Catch BH’s irreverent and tightly sloppy take on Neil Diamond’s “Girl, You’ll be a Woman Soon”, and you’ll have your first clue what to expect…though it won’t prepare you at all for the clatterously randomic “Elephant Stampede” (“Terminator”: same thing), as wild as jazzy progfusion gets. John Medeski vectors in somewhere in the list of BH influencers and worked-with’ers, so you can guess what’s what in that situation.

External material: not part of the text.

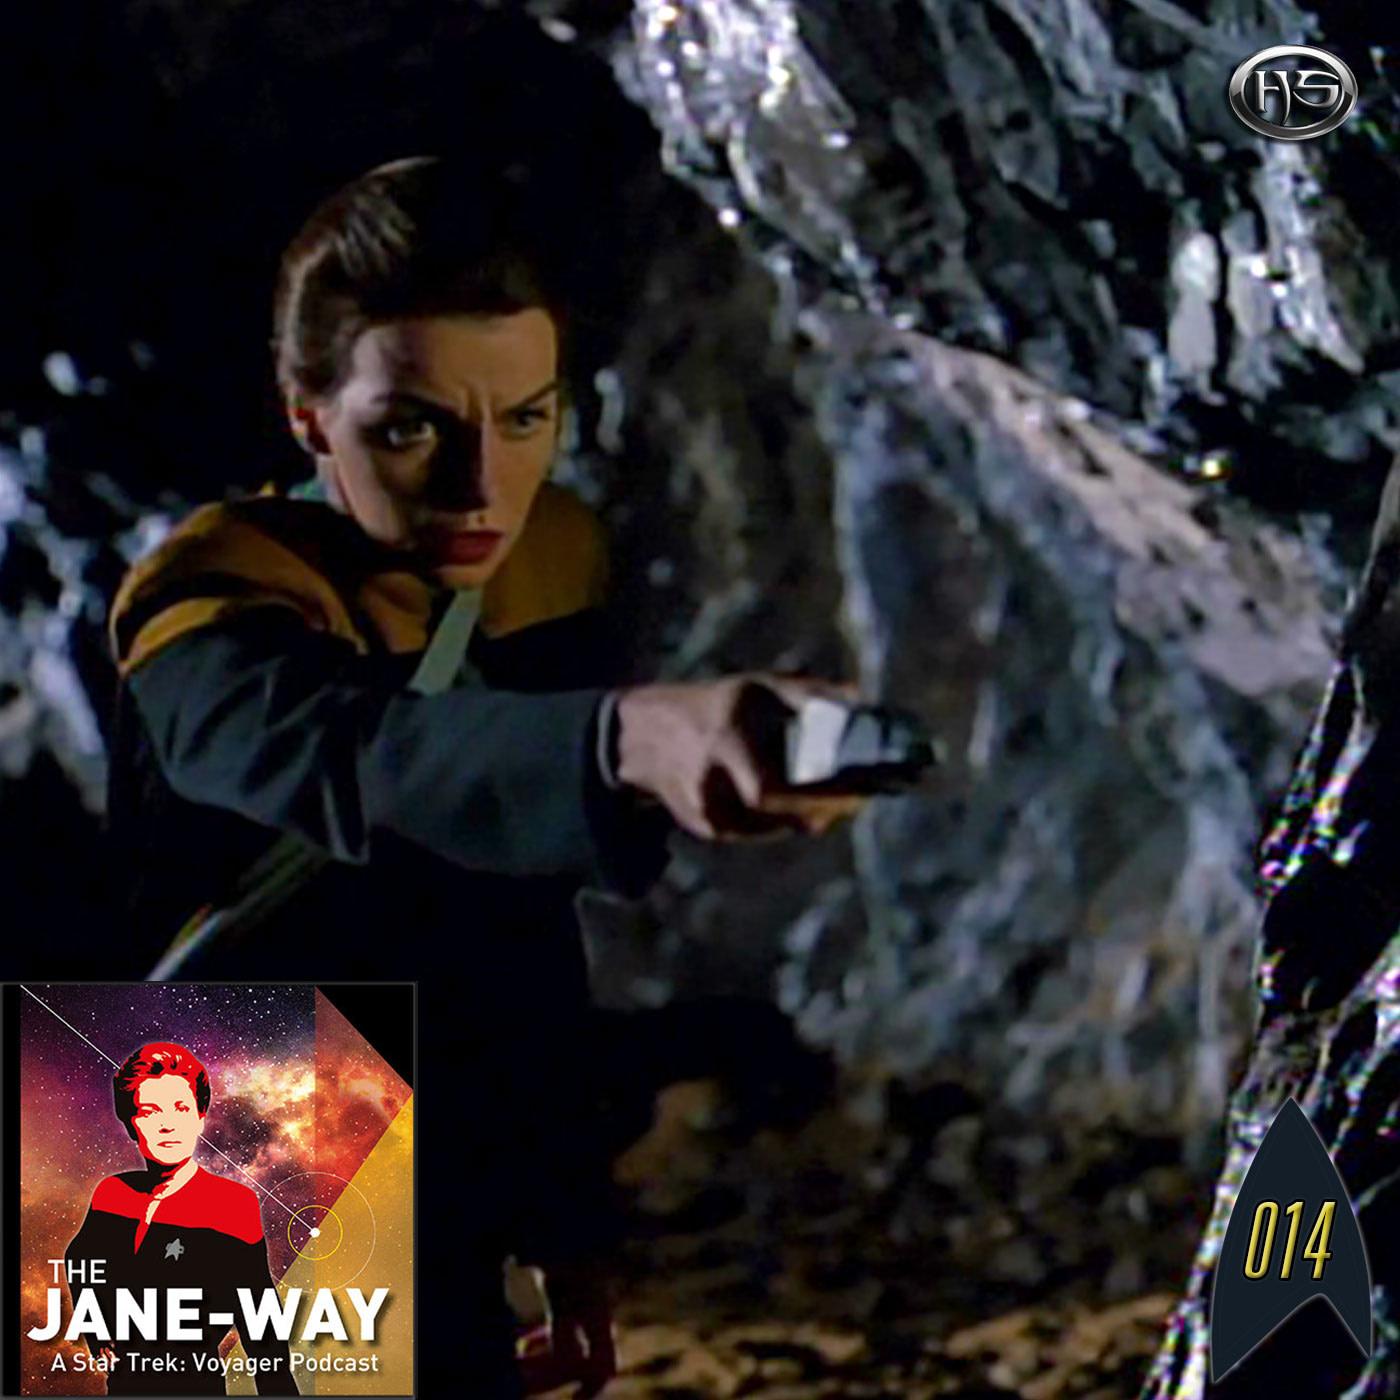 The Jane-Way Episode 14

More, several cuts will put you in the mood to chat up that slattern over in the corner of Rasputin’s Tavern, and thus I suggest you bring not only an industrial-strength condom but an array of tranquiliizers as well…for yourself.

Releases like this are frequently referred to as “novelty items” – the, uh, same sobriquet once laid on vibrators and various whatnots sold in the porn shop down the street – but, to me, they’re treasures (er, this music, not the vibrators) as maddeningly complex and entertaining as anything PDQ Bach / Prof. Schickele ever put out, FZ ever entertained, and most likely even amusing to Mike “My Brain’s in Another Dimension” Patton. Pineapples and Ashtrays indeed. If you haven’t been to the doctor or psychiatrist lately, buy this disc and wallow; if you have been, give it to them, and you’ll never have to explain yourself again…’cause they’ll be over the state line, screaming for asylum. Pineapples and Ashtrays is that good…

…and, geez, did I just pen a critique designed to laud the CD or accidentally screw these crazy bastards over???